Supplied material:
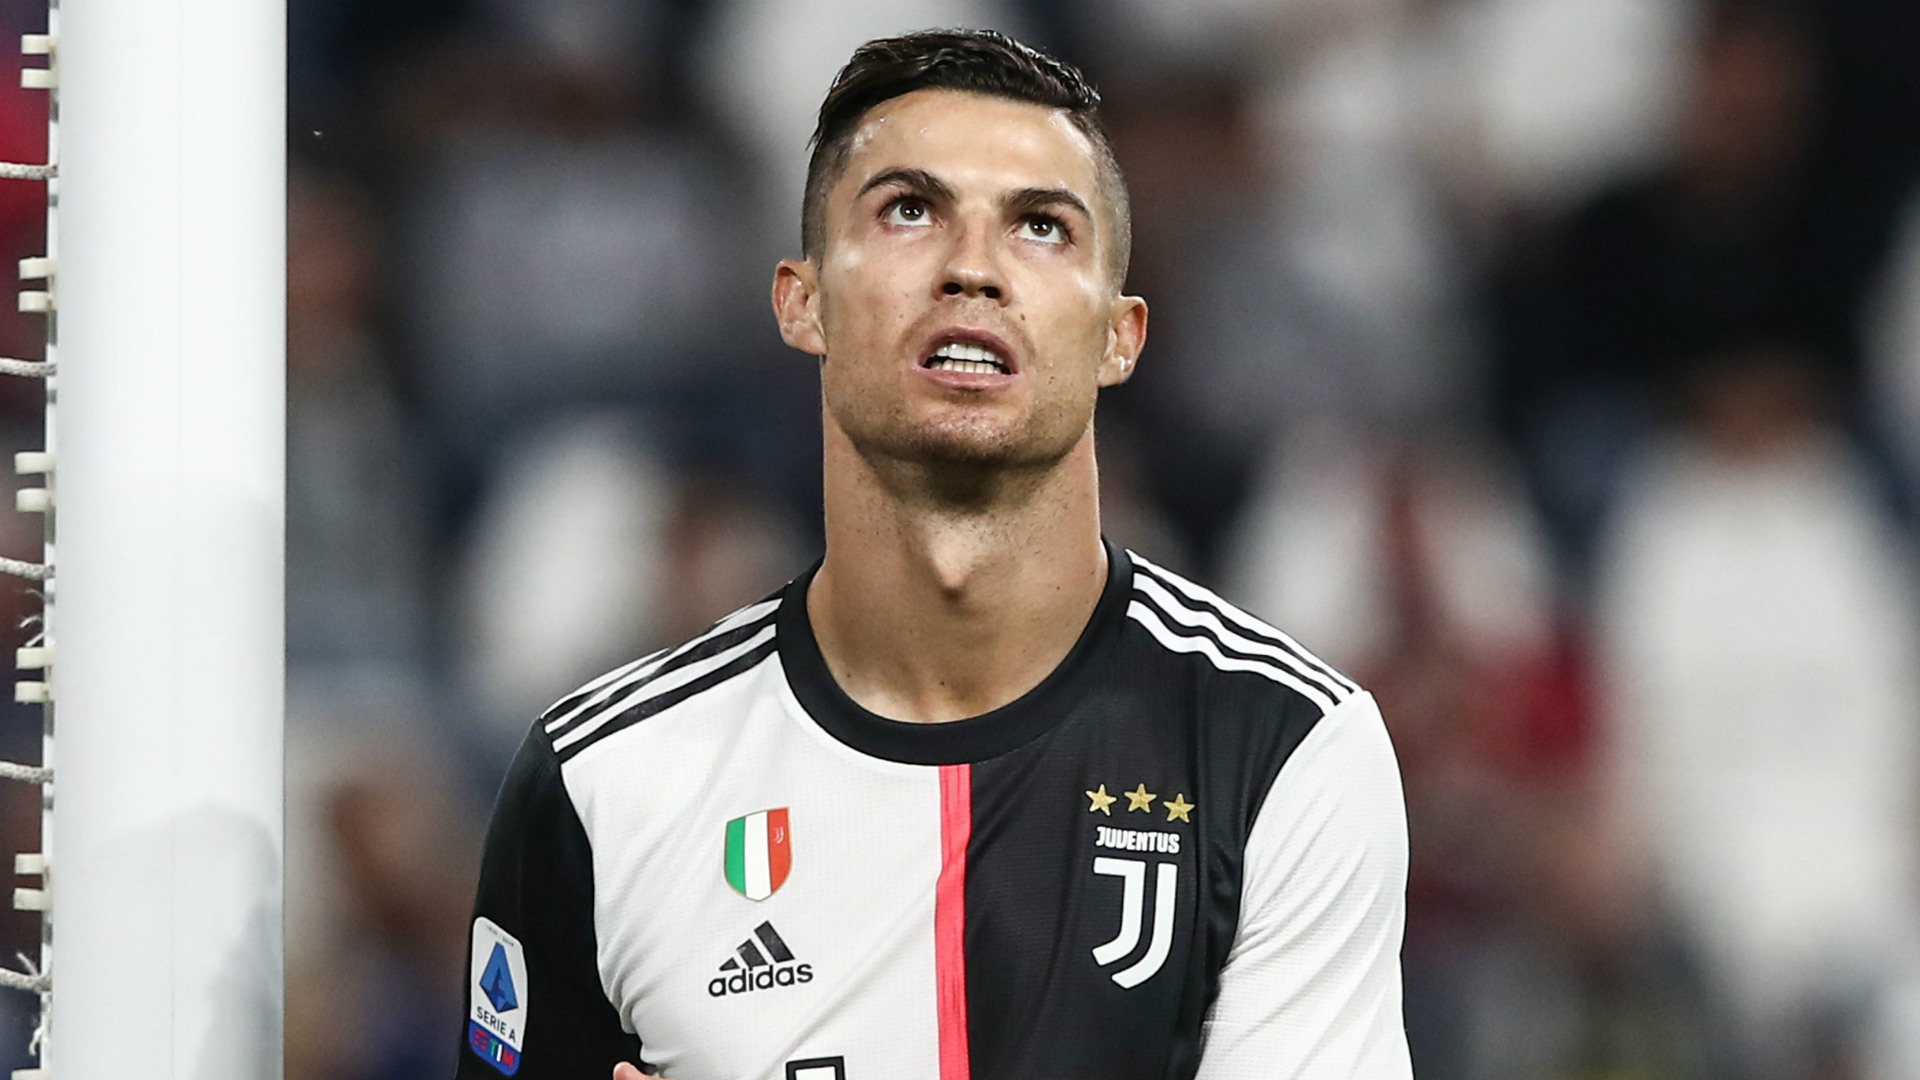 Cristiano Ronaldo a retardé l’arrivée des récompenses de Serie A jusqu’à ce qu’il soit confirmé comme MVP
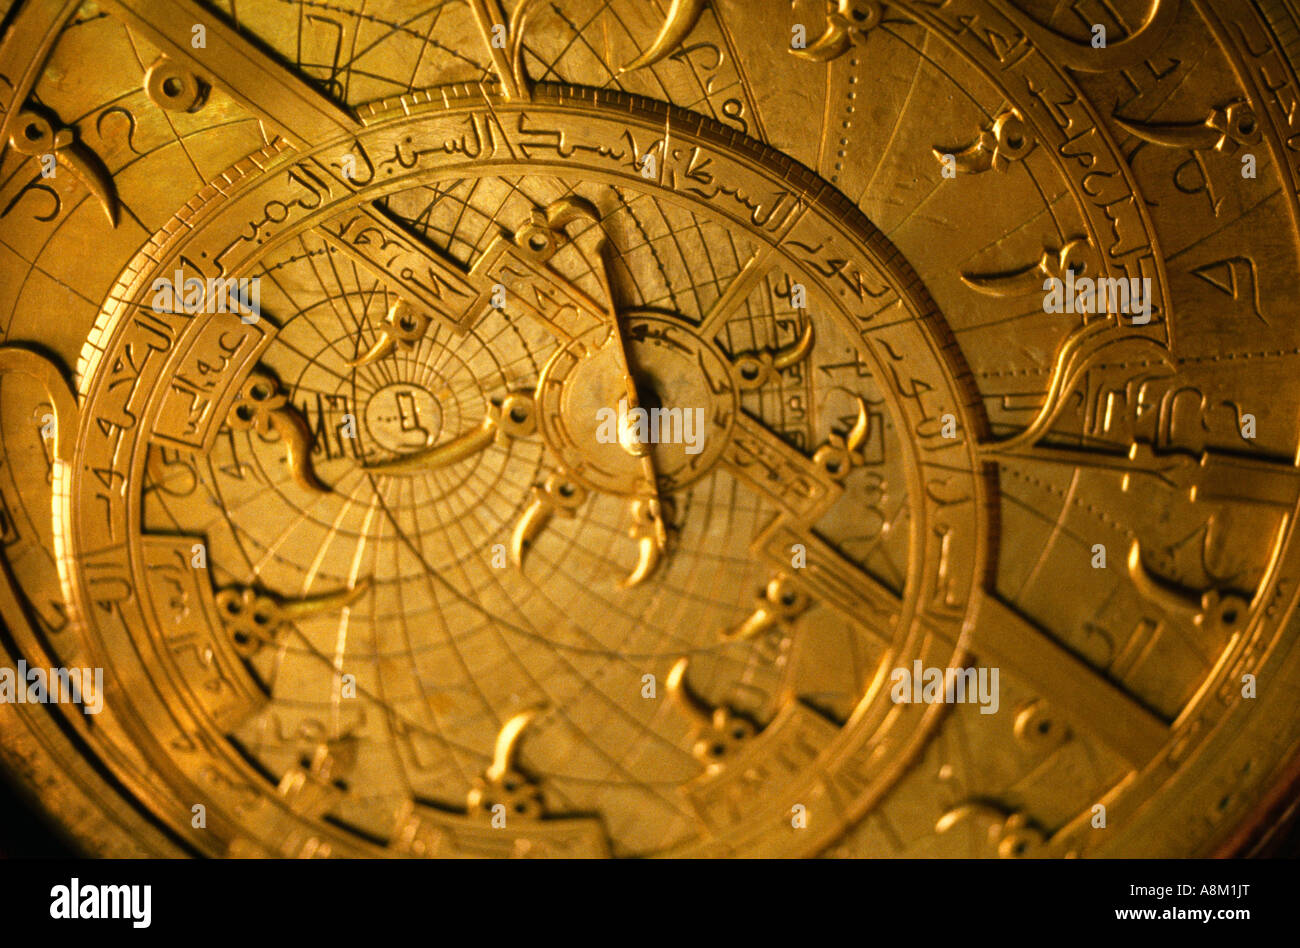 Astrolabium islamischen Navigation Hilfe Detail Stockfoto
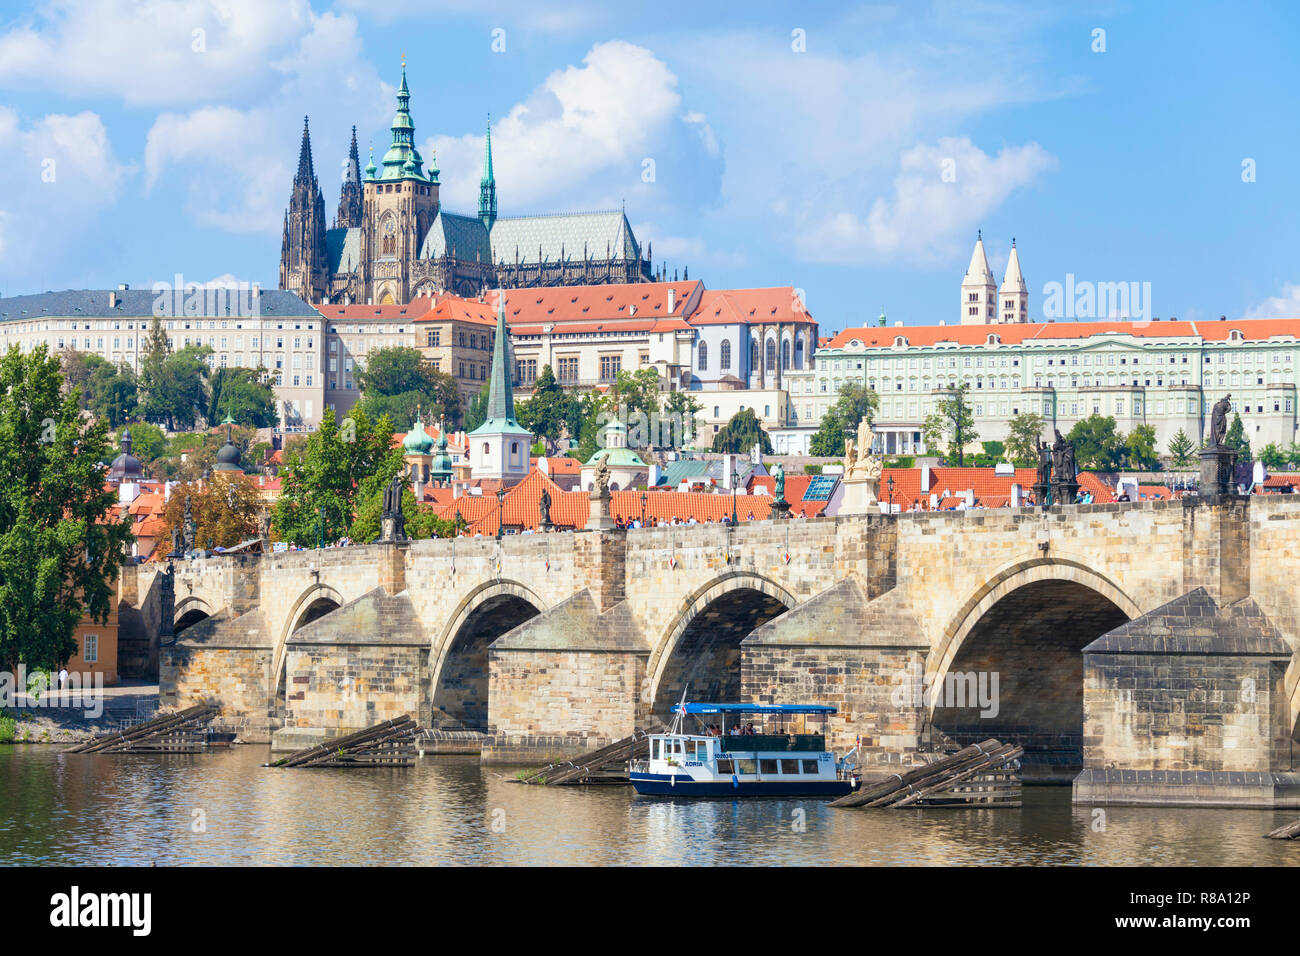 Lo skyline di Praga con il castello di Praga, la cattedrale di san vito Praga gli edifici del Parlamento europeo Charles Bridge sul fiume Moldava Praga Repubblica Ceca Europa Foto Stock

What is expected:
Copy the listing above exactly, minus the pictures.

Answer below:
 Cristiano Ronaldo a retardé l’arrivée des récompenses de Serie A jusqu’à ce qu’il soit confirmé comme MVP
 Astrolabium islamischen Navigation Hilfe Detail Stockfoto
 Lo skyline di Praga con il castello di Praga, la cattedrale di san vito Praga gli edifici del Parlamento europeo Charles Bridge sul fiume Moldava Praga Repubblica Ceca Europa Foto Stock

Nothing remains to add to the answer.